3. Strategic Storytelling
With a host of new threat vectors, for example, with AI-powered ones, the threat landscape has extended. The protection of critical assets has moved past the ability of humans in many instances. Strategic storytelling is the only thing that rises to the top amid this type of chaos.
Client Success Story: Allbridge, a leading provider of single-source property technology, was competing directly with other companies in the oversaturated property technology marketplace. They came to Escalate PR to improve the brand’s relevance, while positioning the company as a critical component of any hospitality tech upgrade or new build within trending third-party discussions and publications, and help boost its top-of-funnel sales activities. We were able to isolate a key narrative: Their ideal base needed a single-source provider of all their modern technology needs. Since going down this focused road, the company has had regular pieces in Hospitality Technology publications and a significant spike in share of voice (SoV).
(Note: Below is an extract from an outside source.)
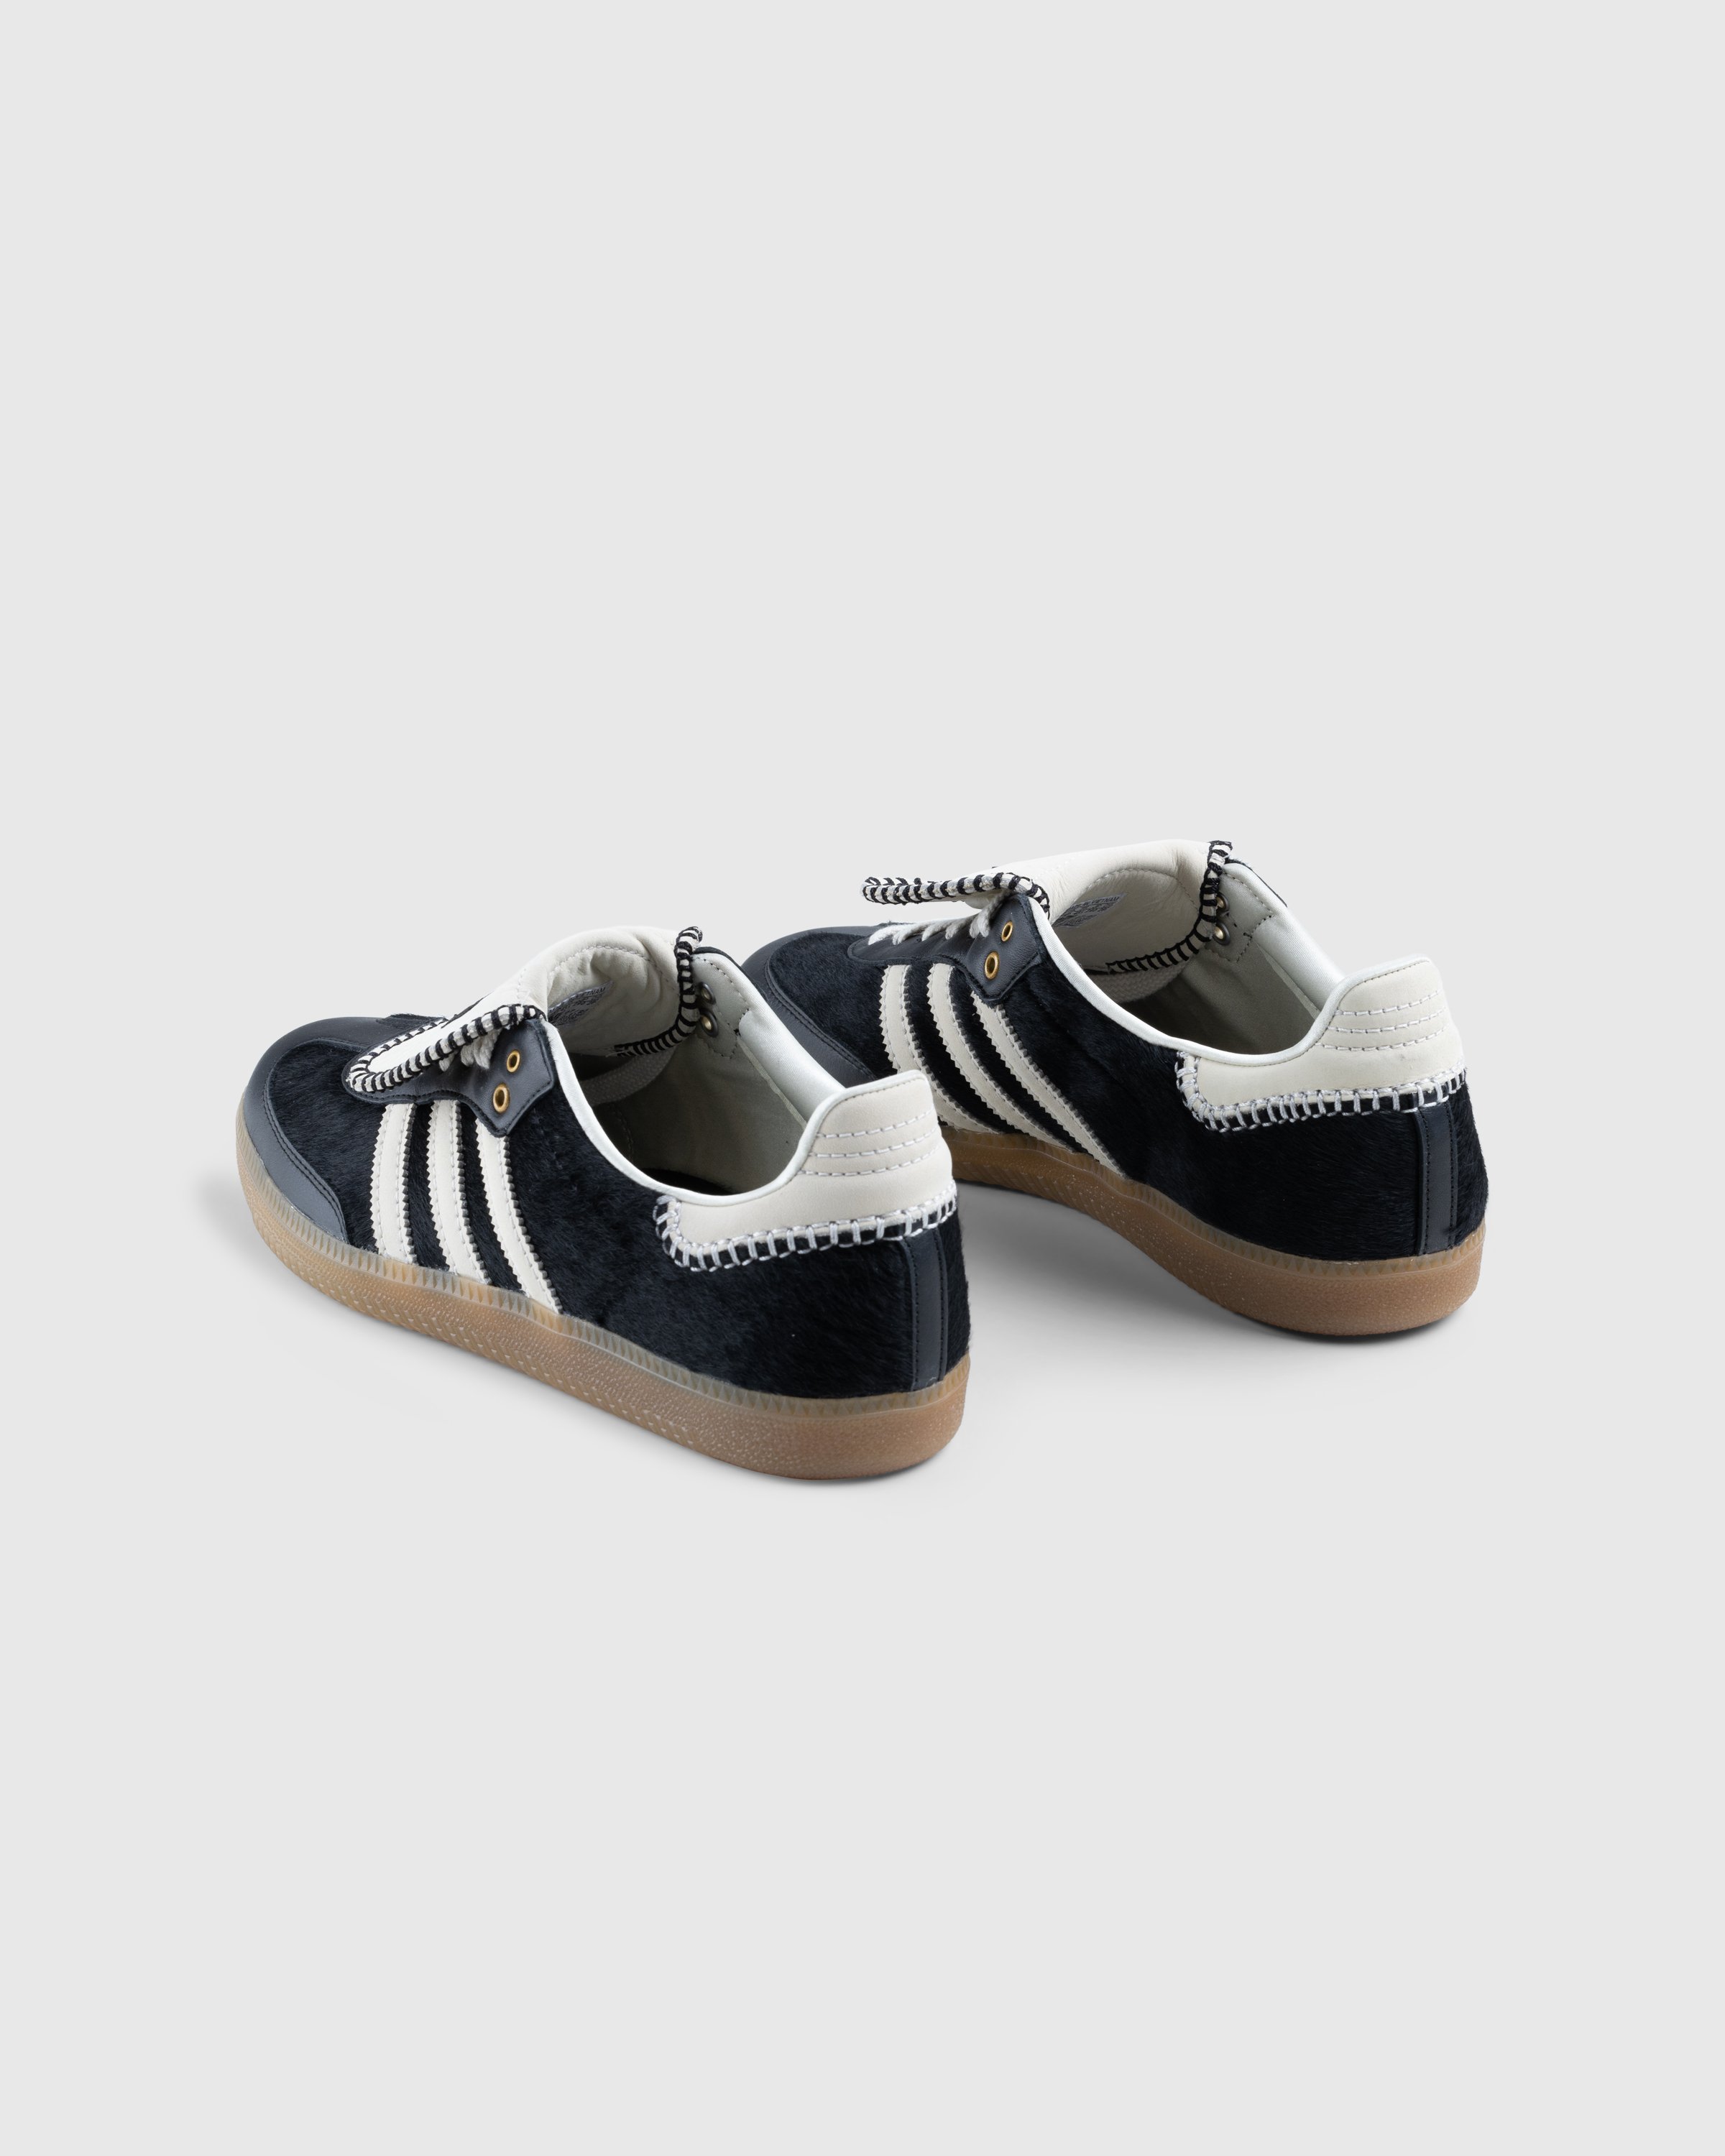 Adidas x Wales Bonner - WB PONY TONAL SAMBA CBLACK/CWHITE/CWHITE - Footwear - Black - Image 4

4. Intimate Knowledge of Your Cybersecurity Business
Along with industry knowledge, you need to know yourself fully so you can make the most out of who you are as a business. To quote someone who definitely isn’t a cybersecurity professional, but who was before his time…
“To thine own self be true.” – William Shakesphere
It’s solid advice. Understanding what is going on within your organization, what is connected to your network, what types of technology have been brought in by employees (shadow IT), championing continuous education internally, and creating on-brand, intentional internal communications are important things to note and do so that your external communications are in the same vein.
5. Knowing How to Use Downtime Effectively
We’re sure that if you’re reading this, you experienced the recent AWS outage. There was a litany of complaints on platforms that remained active, like LinkedIn.
Did you use that time to further your cybersecurity PR? No? Next time a major event like that happens, jump on it (or have your cybersecurity PR agency help you). Downtime is like the Wild West—Anything goes! It’s time to put out a bespoke narrative either about the outage or about something else that will capture that captive audience’s attention.
Escalate PR works with clients in many different industries, but nowadays almost all of them touch cybersecurity, which means even companies that don’t consider themselves to be cybersecurity vendors may need help with cybersecurity PR.
Start from second base instead of first. Pick Escalate PR as your cybersecurity PR agency partner.
FAQ’s
What is cybersecurity PR?
Cybersecurity PR is a unique type of PR that takes into account regulatory standards and industry shifts and positions companies as thought leaders, builds trust, and amplifies visibility with both technical and executive audiences.
Does every business need a cybersecurity PR strategy?
The modern threat landscape affects almost all businesses, so yes, most, if not all, businesses should have a cybersecurity PR strategy in place.
How can cybersecurity vendors set themselves apart in a crowded marketplace?
Some of the best methods for differentiation include strategic storytelling, adopting a future-forward posture, training your team well, knowing your brand and all that comes with it, and always staying alert for opportunities to insert yourself into relevant conversations.